Excerpted records:
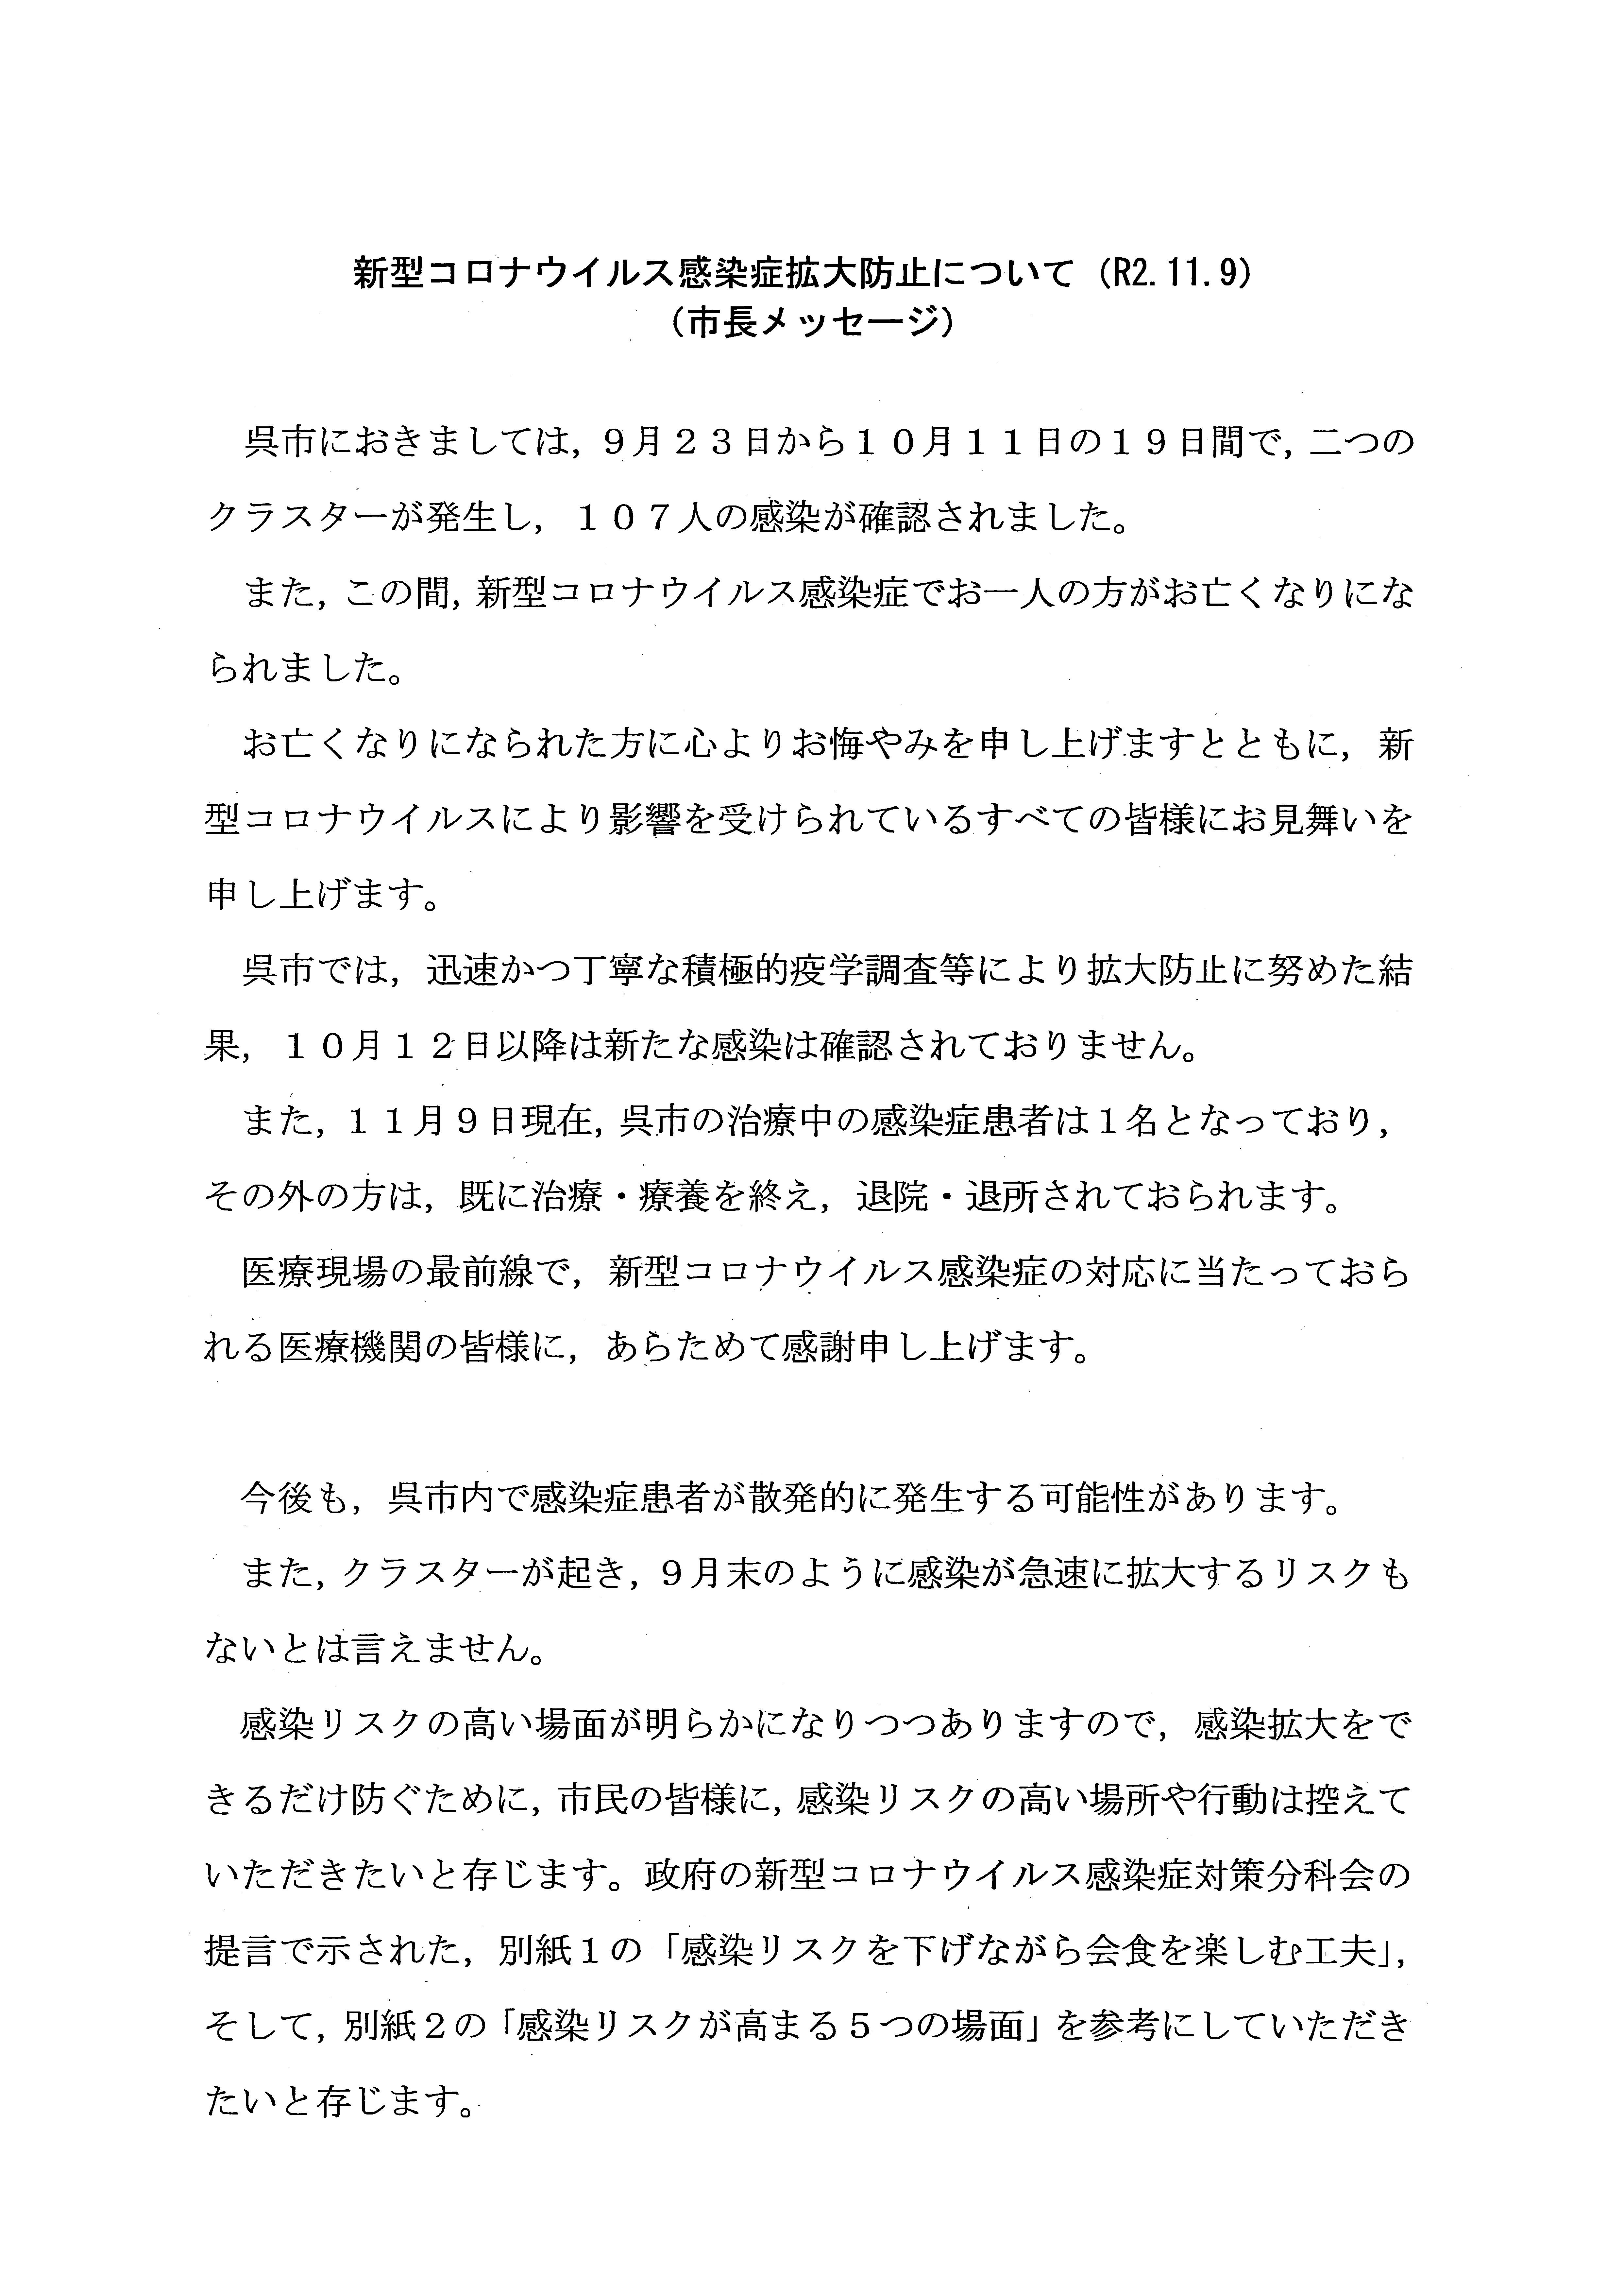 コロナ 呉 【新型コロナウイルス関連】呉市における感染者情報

==

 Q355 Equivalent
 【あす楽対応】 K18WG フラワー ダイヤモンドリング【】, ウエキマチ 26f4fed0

Exercise prompt:
Using the entries above, repeat only the lines from the one containing "Q355 Equivalent" through the one containing "ダイヤモンドリング【】, ウエキマチ 26f4fed0", end lines included.

Exercise solution:
 Q355 Equivalent
 【あす楽対応】 K18WG フラワー ダイヤモンドリング【】, ウエキマチ 26f4fed0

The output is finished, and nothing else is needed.